This guide does not write the summary for you. It explains what the rubric is actually evaluating at each criterion, what “major concept in relational communication” means for concept selection, how to find and use varied authoritative sources, and what separates a summary that “demonstrates acquired knowledge” from one that only recounts it.
What This Guide Covers
Understanding the Four Rubric Criteria
The assignment description identifies four distinct evaluative criteria, each of which must be present simultaneously — a summary that excels on three but fails on one will not score at the top band. Reading the criteria in order reveals a deliberate progression from content to argument to expression to organization.

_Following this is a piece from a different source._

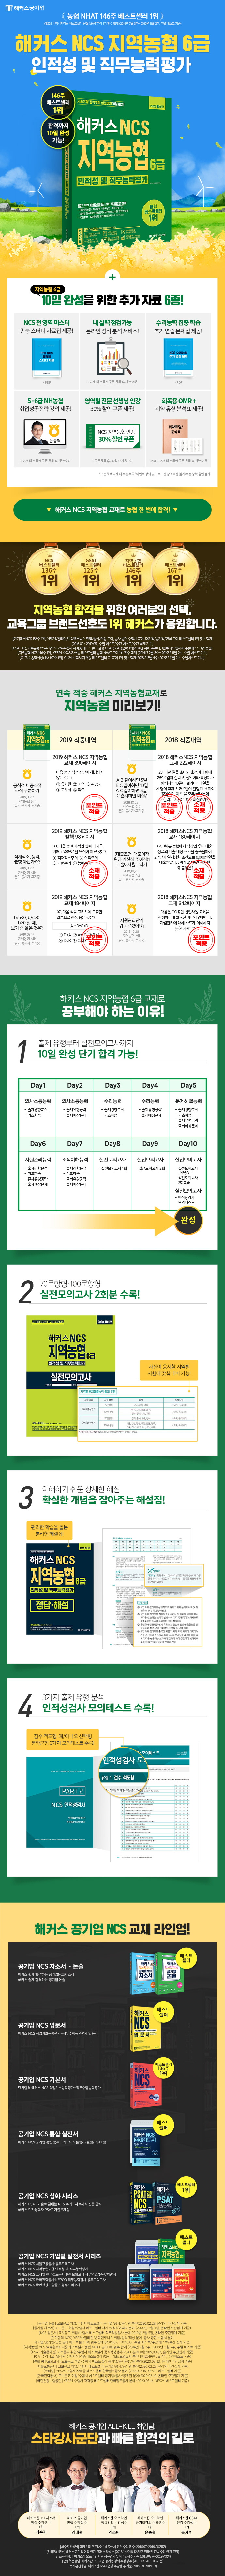 NCS 지역농협 6급 인적성 및 직무능력평가(해커스) 도서 상세이미지

Selecting and Narrowing a Major Concept
The phrase “major concept in relational communication” is doing significant work in the assignment description. It is not asking you to write about a topic (such as “relationships” or “communication”) — it is asking you to focus on a specific theoretical construct that has an established research base within the field. The difference between a topic and a major concept is the difference between “conflict in relationships” and “face-negotiation theory as a framework for understanding conflict management across relational contexts.”
Concept selection is the first decision that affects every subsequent element of the summary. A concept that is too broad — such as “interpersonal communication” — cannot be adequately treated in a summary because it encompasses dozens of distinct theoretical traditions. A concept that is too narrow — such as one experimental finding from a single study — lacks the research base needed to satisfy the “varied authoritative resources” criterion. The right concept is one that: has a named theoretical framework associated with it, has been studied across multiple research traditions, has practical implications that allow for critical analysis, and has enough definitional specificity to be discussed with precision.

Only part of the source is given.